In this paper, we propose a simple yet effective prior-free model, named Implicit Space Transformation Network (IST-Net), which implicitly sets up feature correspondence between camera-space and world-space without requiring 3D priors or ground-truth 3D models of target objects. Specifically, given the camera space features, the network transforms them into world-space features which together with the camera space features are further used for estimating camera poses. For learning the transformation, we propose a world-space enhancer that distills standard world-space features to supervise the transformed features. Note that the standard world-space features are obtained by transforming the input target object into its world-space with the ground-truth pose and feeding them into a feature extractor. Besides, given camera-space inputs, the backbone network’s feature extraction capabilities are boosted by introducing an auxiliary pose estimation loss, namely the camera-space enhancer. Notably, both enhancers are training only, which brings considerable performance improvements without introducing computational overhead.

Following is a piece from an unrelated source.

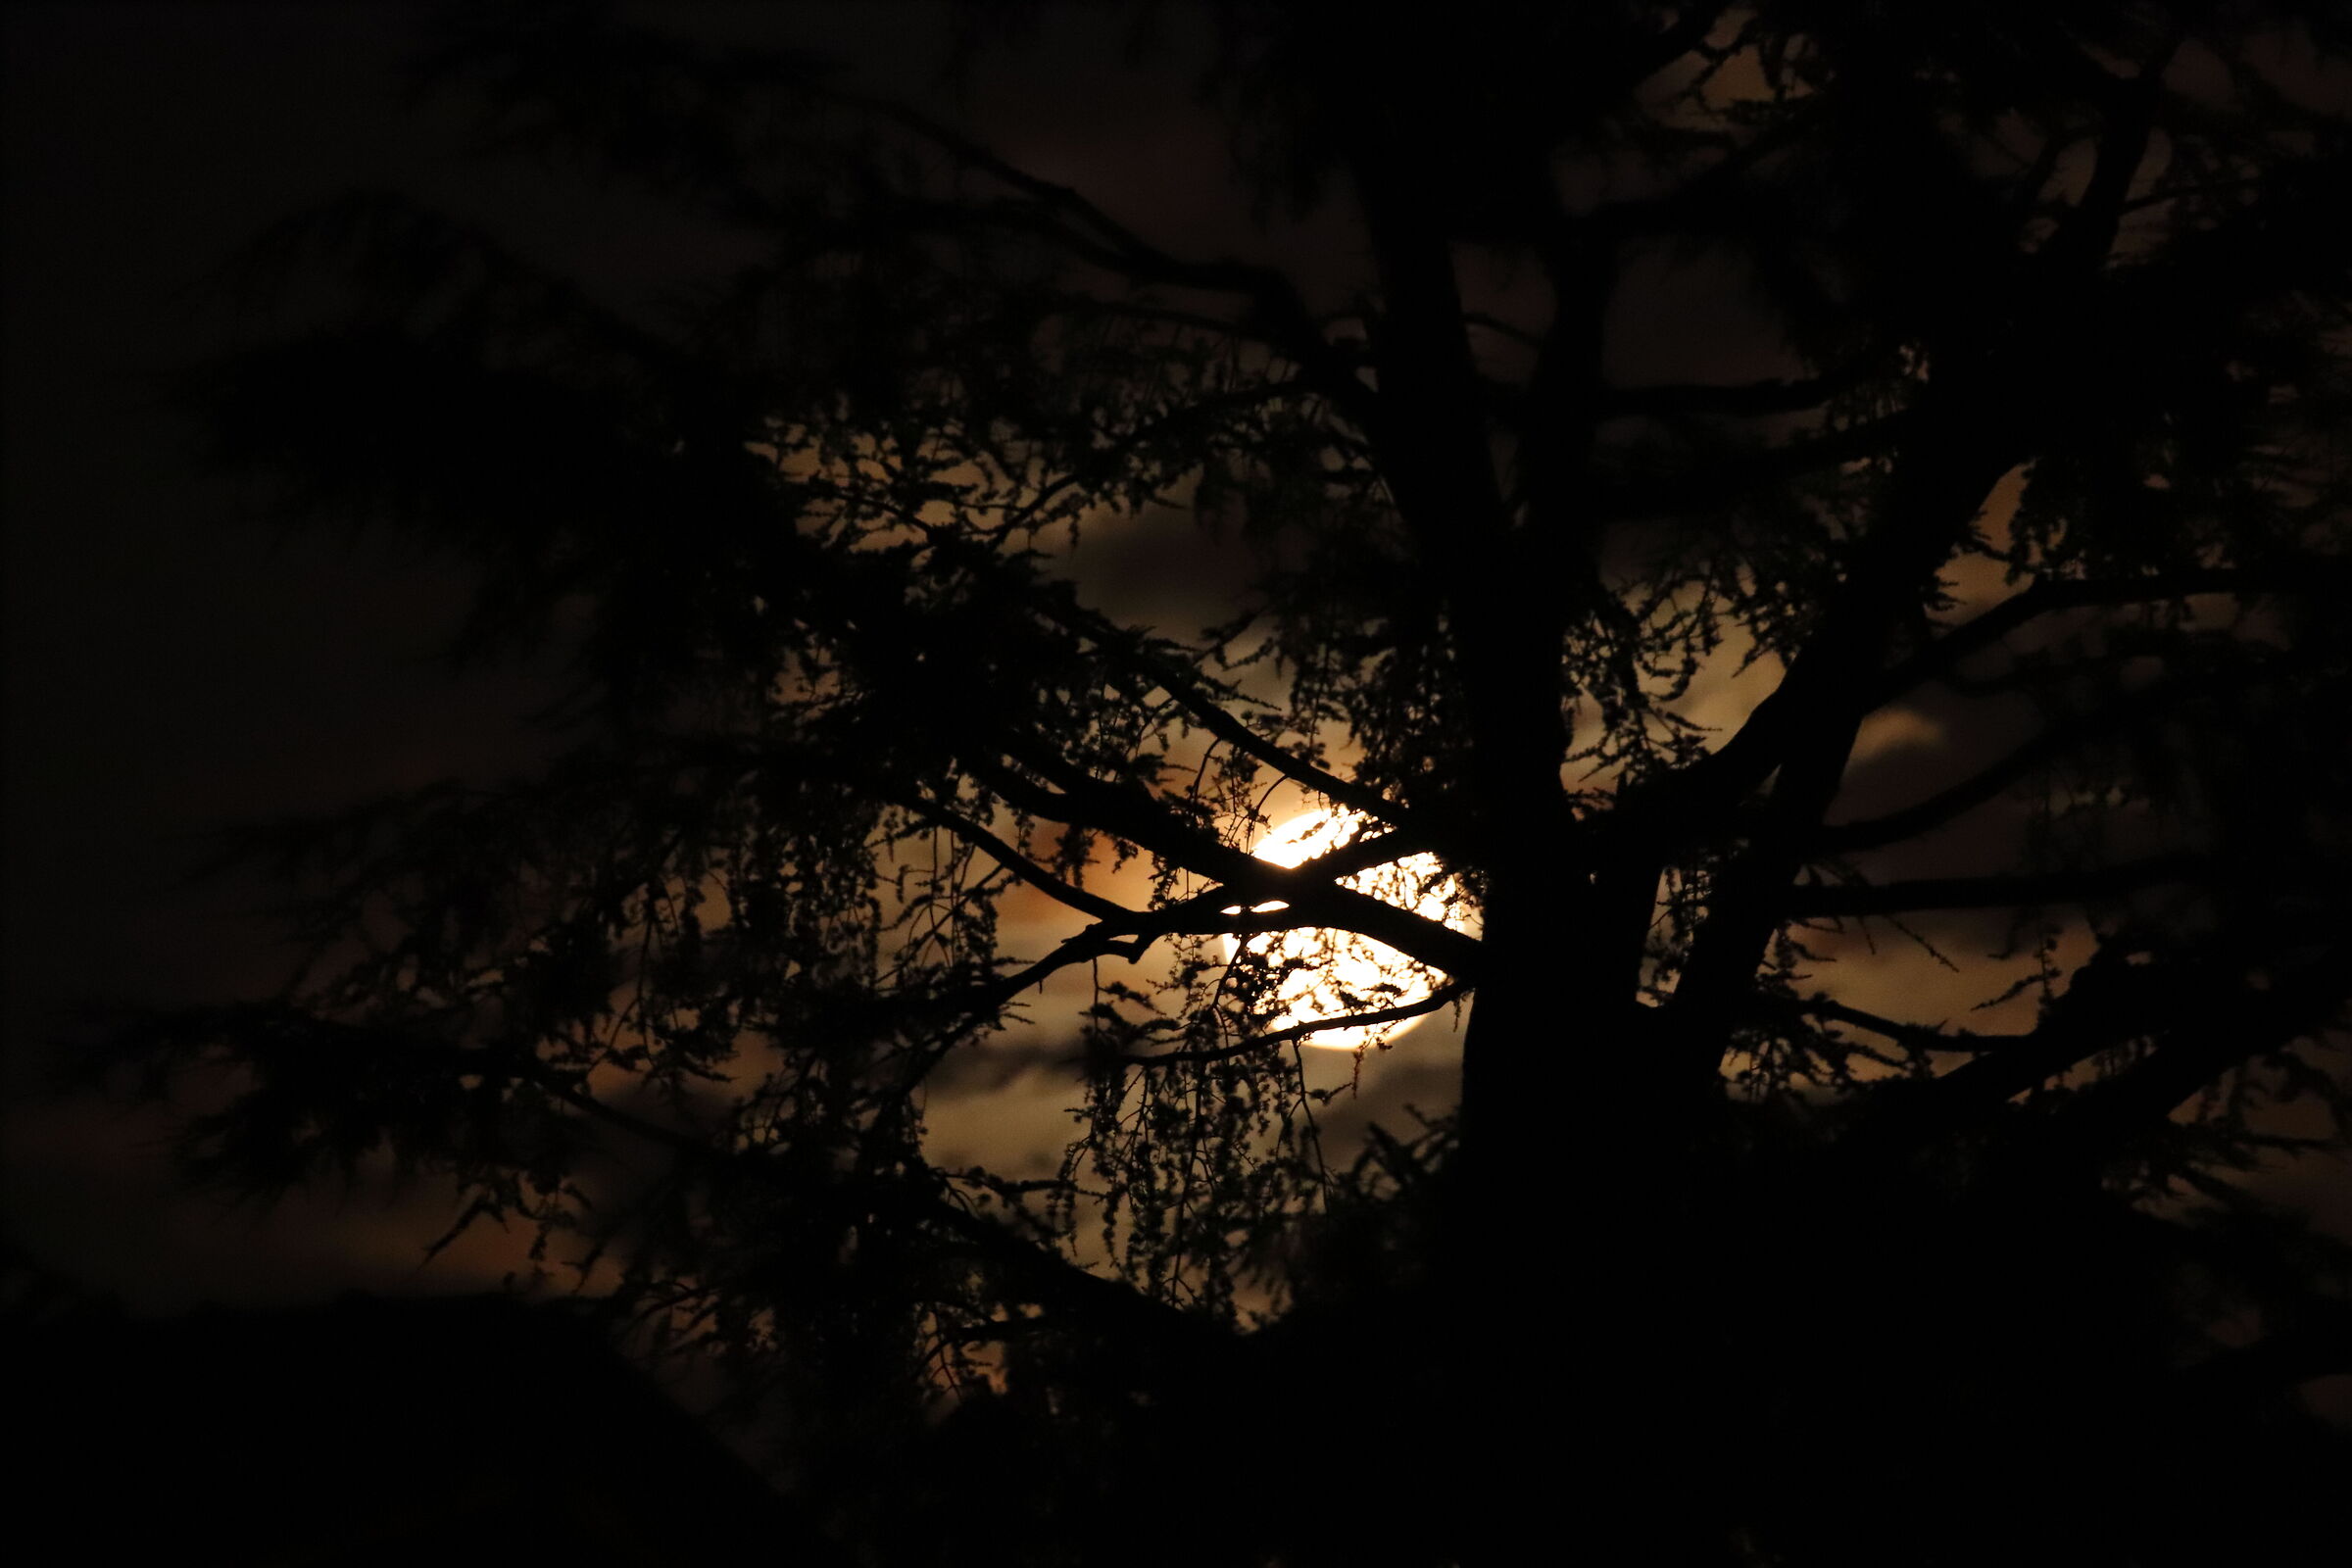 La luna si nasconde dietro gli alberi...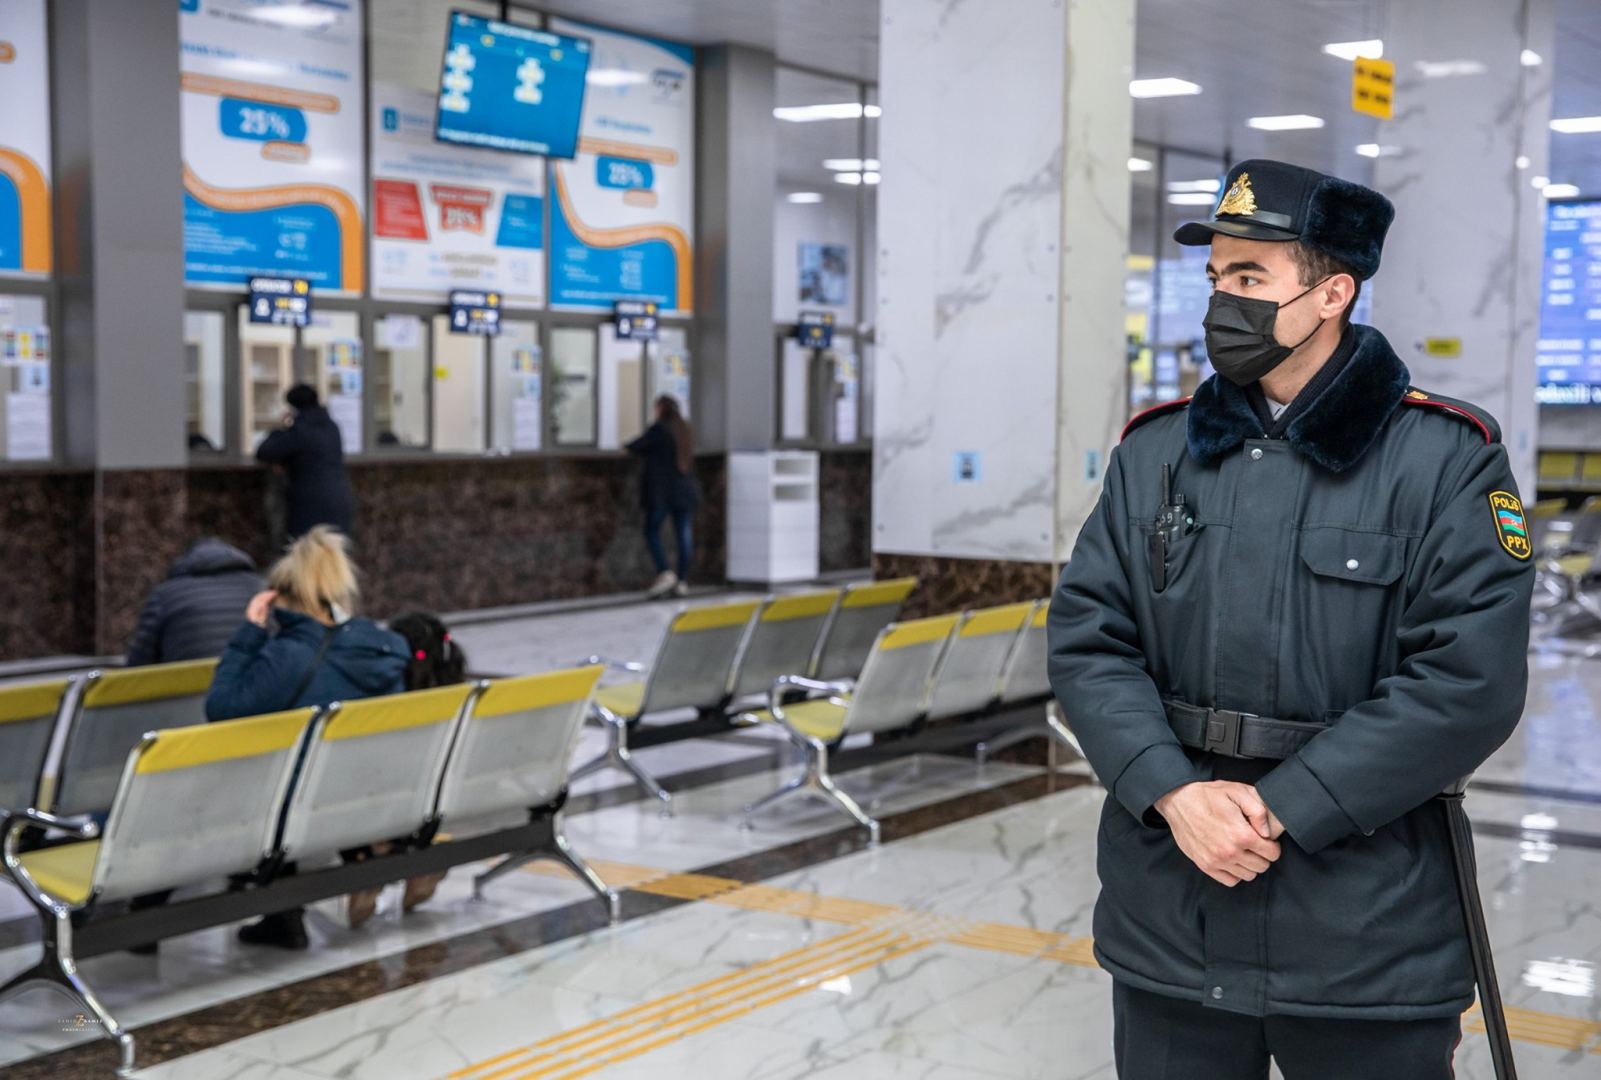 ЗАО «Азербайджанские железные дороги» возвращает деньги за приобретенные билеты (ФОТО) - Gallery Image

Our main contributions are summarized as follows:

We investigate prior-based methods and find that shape priors are not necessary for obtaining high performance while building the camera and world-space correspondence with prior deformation is a key factor.

We propose a simple yet effective Implicit Space Transformation Network (IST-Net) that implicitly builds the correspondence between camera- and world-space on feature-level without requiring 3D models or priors.

We introduce two different space enhancers to facilitate learning the transformation and enhance their representation capability for pose estimation.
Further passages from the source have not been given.